Under Connecticut law, a product liability claim must be brought within “three years from the date when the injury ... is first sustained or discovered or in the exercise of reasonable care should have been discovered_” Conn.Gen.Stat. § 52-577a. “In Connecticut, a cause of action accrues when a plaintiff suffers actionable harm.” Champagne v. Raybestos-Manhattan, 212 Conn. 509, 562 A.2d 1100, 1107 (1989) (citation omitted). “Actionable harm occurs when the plaintiff discovers or should discover, through the exercise of reasonable care, that he or she has been injured and that the defendant's conduct caused such injury.” Id.

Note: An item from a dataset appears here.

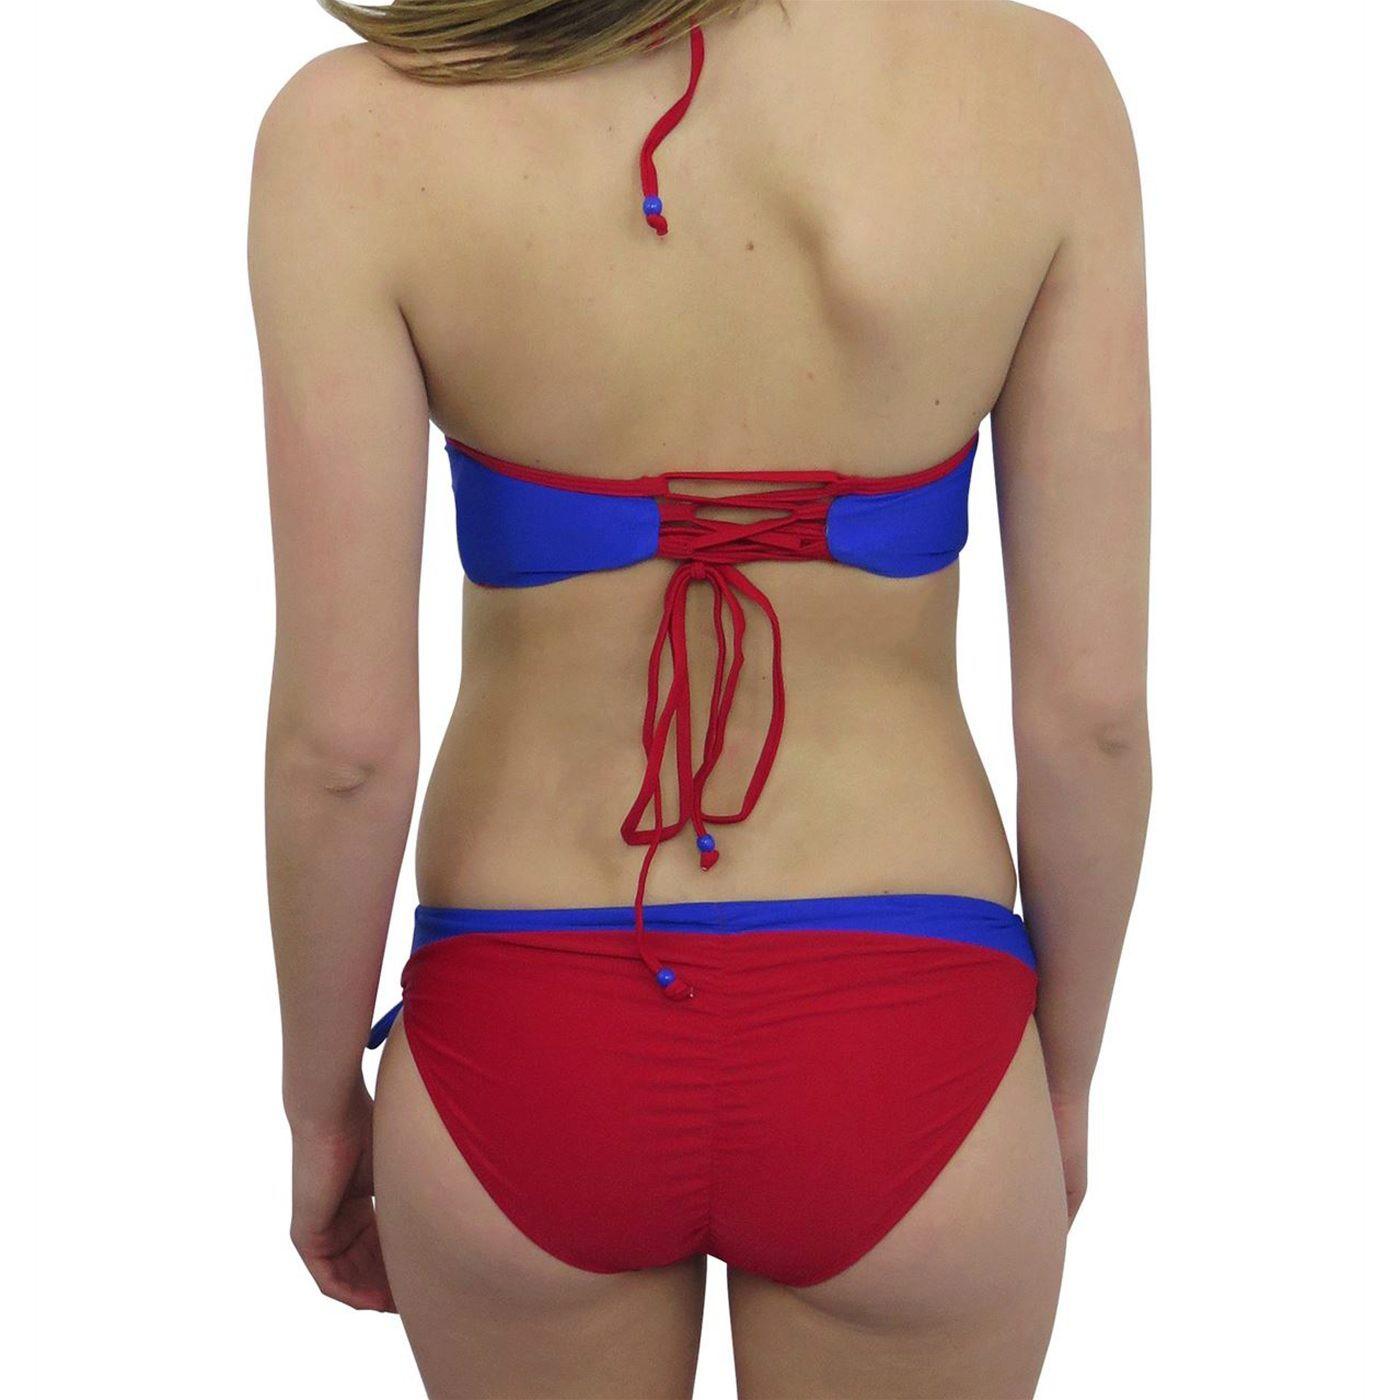 Supergirl Lace-Up Bustier Bikini

Gnazzo contends that “[t]he mere occurrence of a pelvic infection or difficulty in becoming pregnant does not necessarily result in notice to the plaintiff of a cause of action.” Thus, she maintains that her cause of action did not accrue until 1989 when the fertility specialist informed her both that she was infertile and that this condition resulted from her previous use of the IUD.

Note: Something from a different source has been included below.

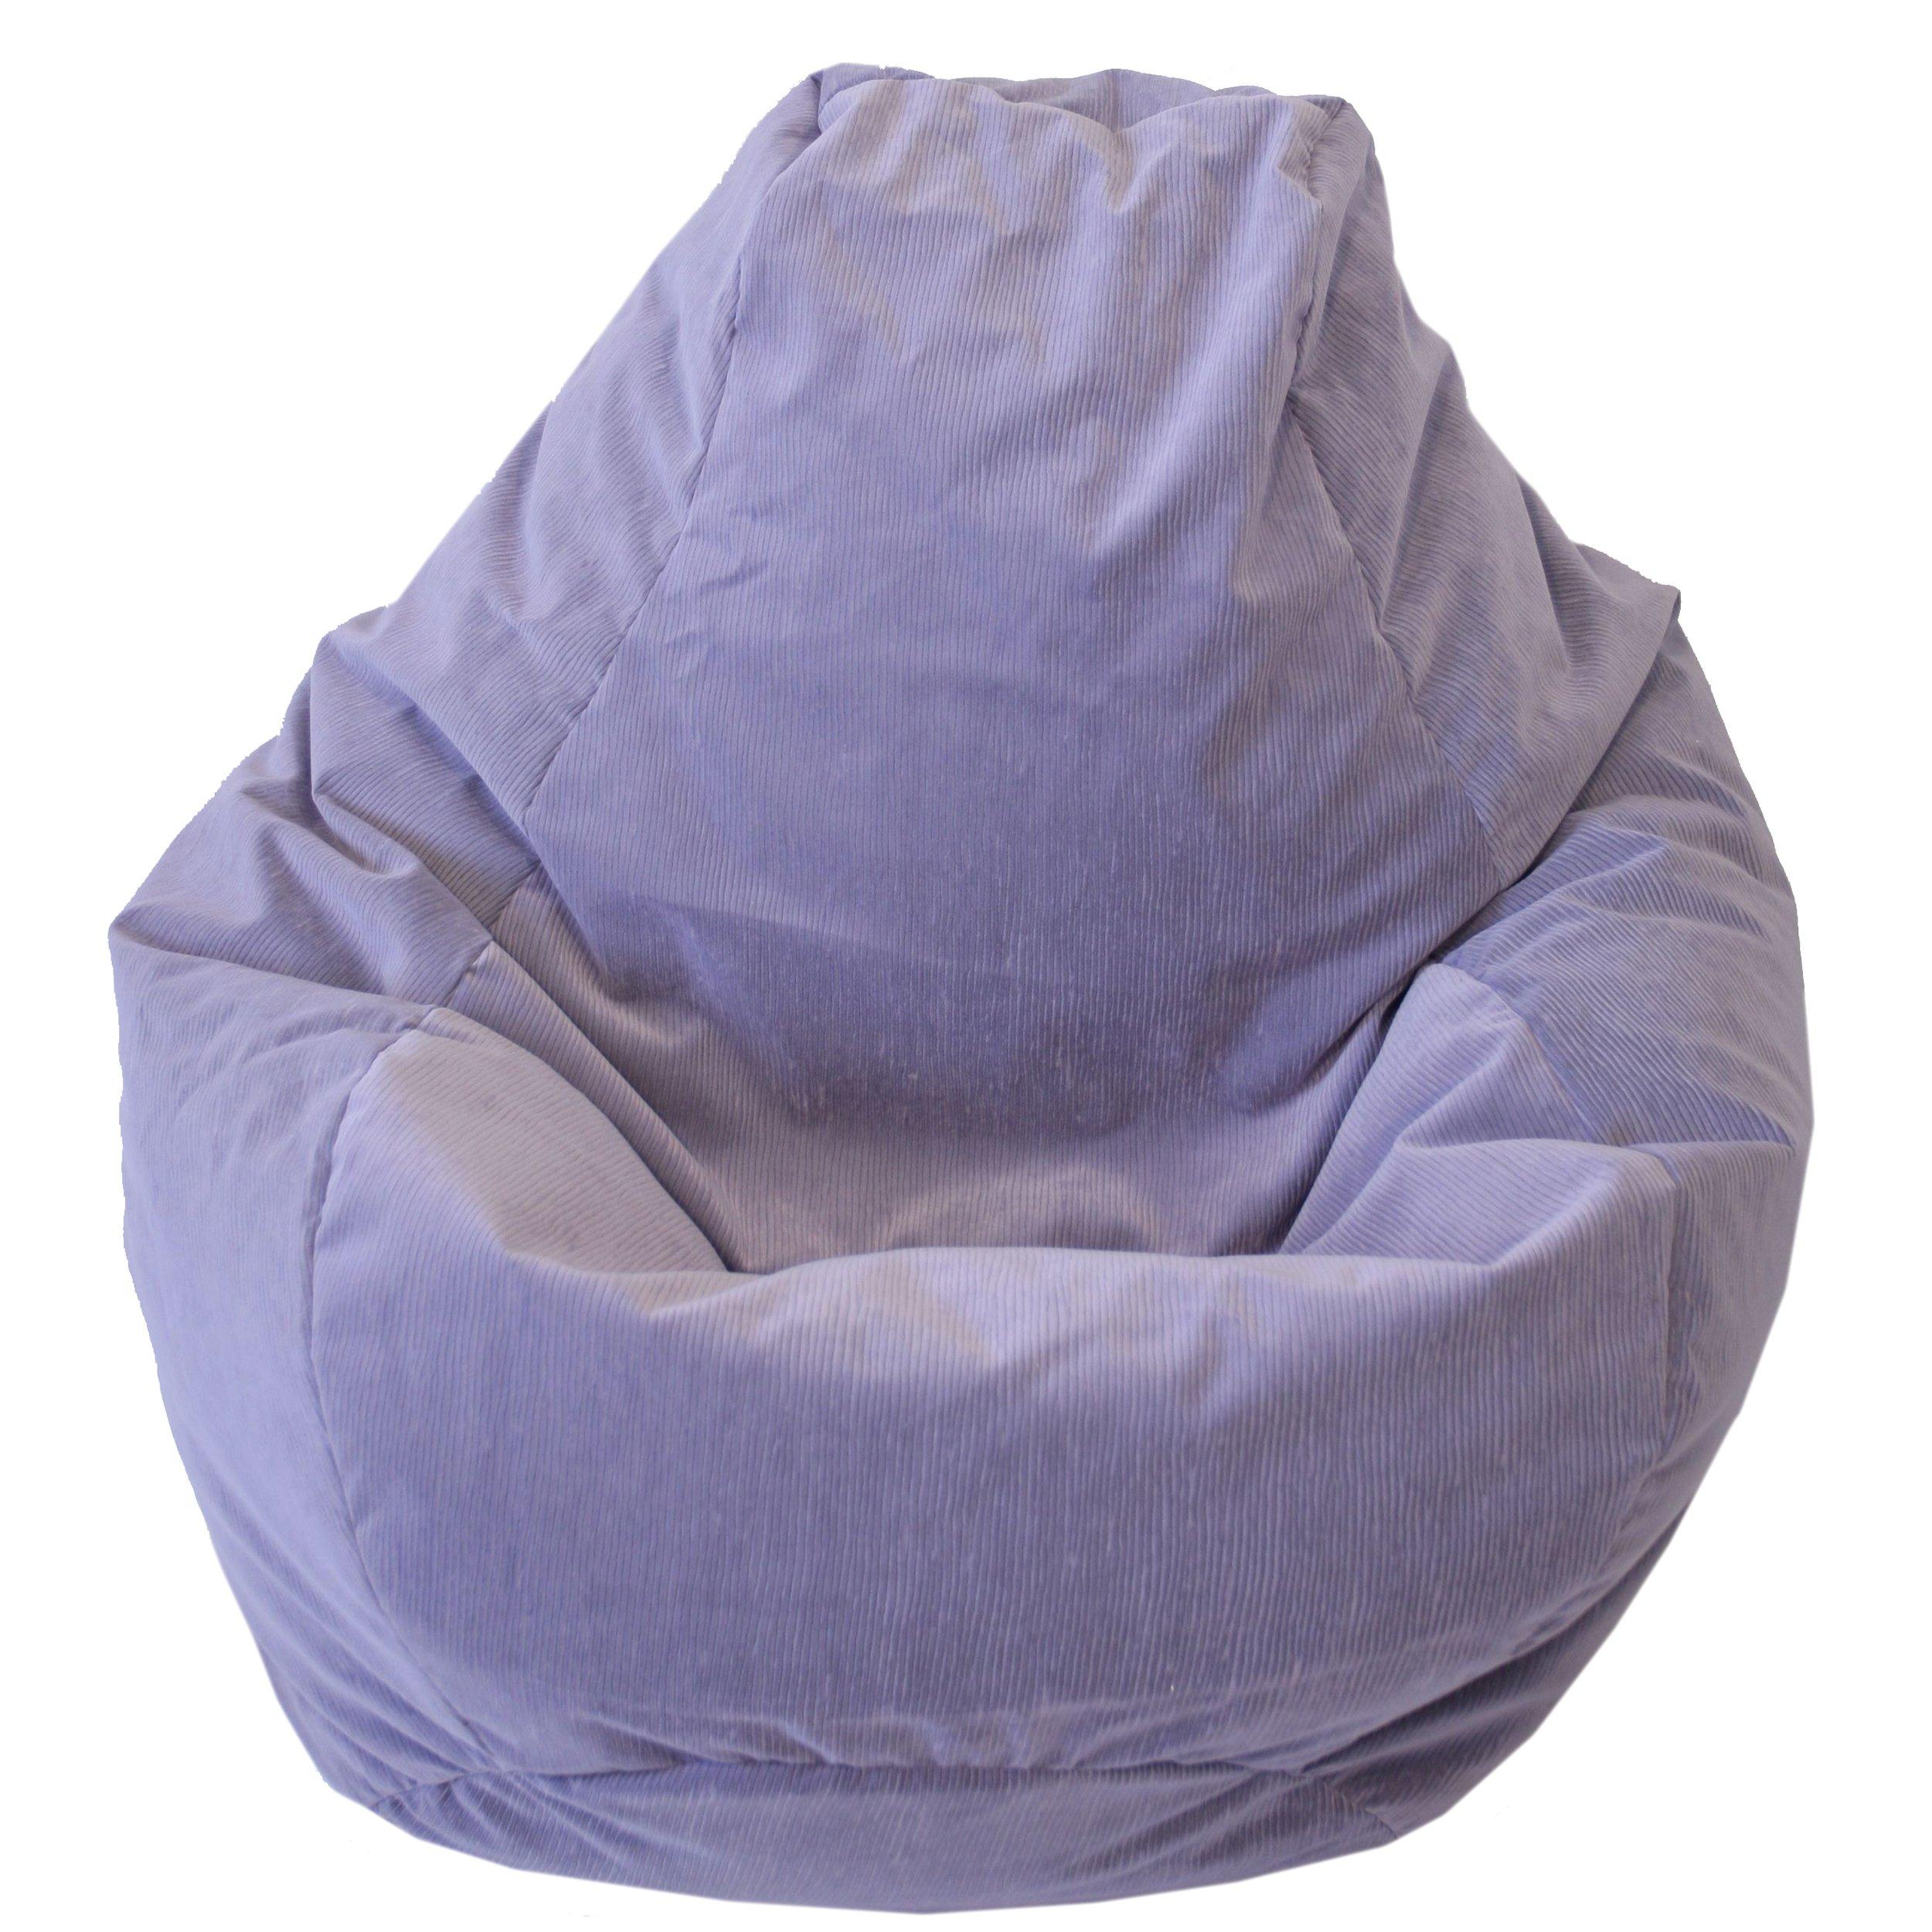 Gold Medal Bean Bags Tear Drop Micro-Fiber Suede Corduroy Bean Bag, Large, Lilac

Under Connecticut law, however, “the statute [of limitations] begins to run when the plaintiff discovers some form of actionable harm, not the fullest manifestation thereof.” Lambert v. Stovell, 205 Conn. 1, 529 A.2d 710, 713 (1987) (emphasis in original); see Barnes v. Schlein, 192 Conn. 732, 473 A.2d 1221, 1224 n. 7 (1984) (“Although an expert opinion may lead to discovery of an ‘actionable harm[,]’ ... it does not follow that a plaintiff cannot reasonably discover an injury absent verification by a qualified expert.” (citation omitted)).

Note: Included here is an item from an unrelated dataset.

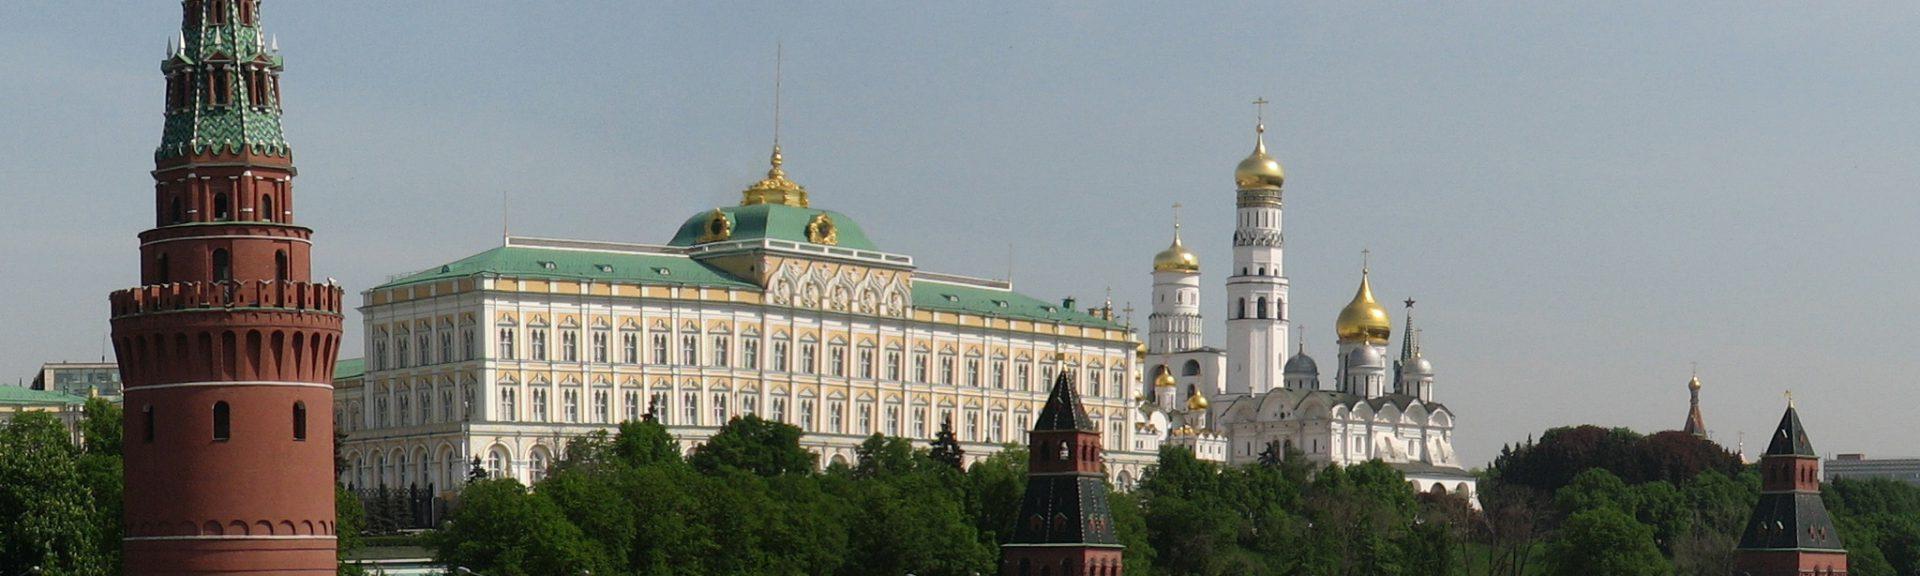 https://commons.wikimedia.org/wiki/File:Moscow_Kremlin_from_Kamenny_bridge.jpg

Therefore, as Gnazzo’s responses to the questionnaire indicate, she suspected “sometime in 1981” that the IUD had caused her harm because she had been experiencing trouble becoming pregnant and had “started hearing [and] reading about how damaging IUD’s could be ... [and had] figured that was [the] problem....” Thus, by her own admission, Gnazzo had recognized, or should have recognized, the critical link between her injury and the defendants causal connection to it. In other words she had “discover[ed] or should have discovered] through the exercise of reasonable care, that ... she ha[d] been injured and that [Searle’s] conduct caused such injury.” Champagne, 562 A.2d at 1107. However, as Gnazzo acknowledged in the questionnaire, she did not pursue the “issue” at the time because of her marital problems. Thus, even when viewed in the light most favorable to Gnaz-zo, the non-moving party, we are constrained to find that she knew by 1981 that she had “some form of actionable harm.” Lambert, 529 A.2d at 713. Consequently, by the time she commenced her action in 1990, Gnazzo was time-barred by the Connecticut statute of limitations.
[139]*139Since we have determined that Gnazzo’s cause of action commenced in 1981, we need not address Searle’s additional contention that Gnazzo’s awareness in 1975 of her PID and her purported knowledge of its causal connection to the IUD commenced the running of the Connecticut statute of limitations at that time.
We are sympathetic to Gnazzo’s situation and mindful that the “unavoidable result we reach in this case is harsh.” Burns v. Hartford Hospital, 192 Conn. 451, 472 A.2d 1257, 1261 (1984). Nevertheless, we are equally aware that “it is within the [Connecticut] General Assembly’s constitutional authority to decide when claims for injury are to be brought.... Where a plaintiff has failed to comply with this requirement, a court may not entertain the suit.” Id.
CONCLUSION
The judgment of the district court is affirmed.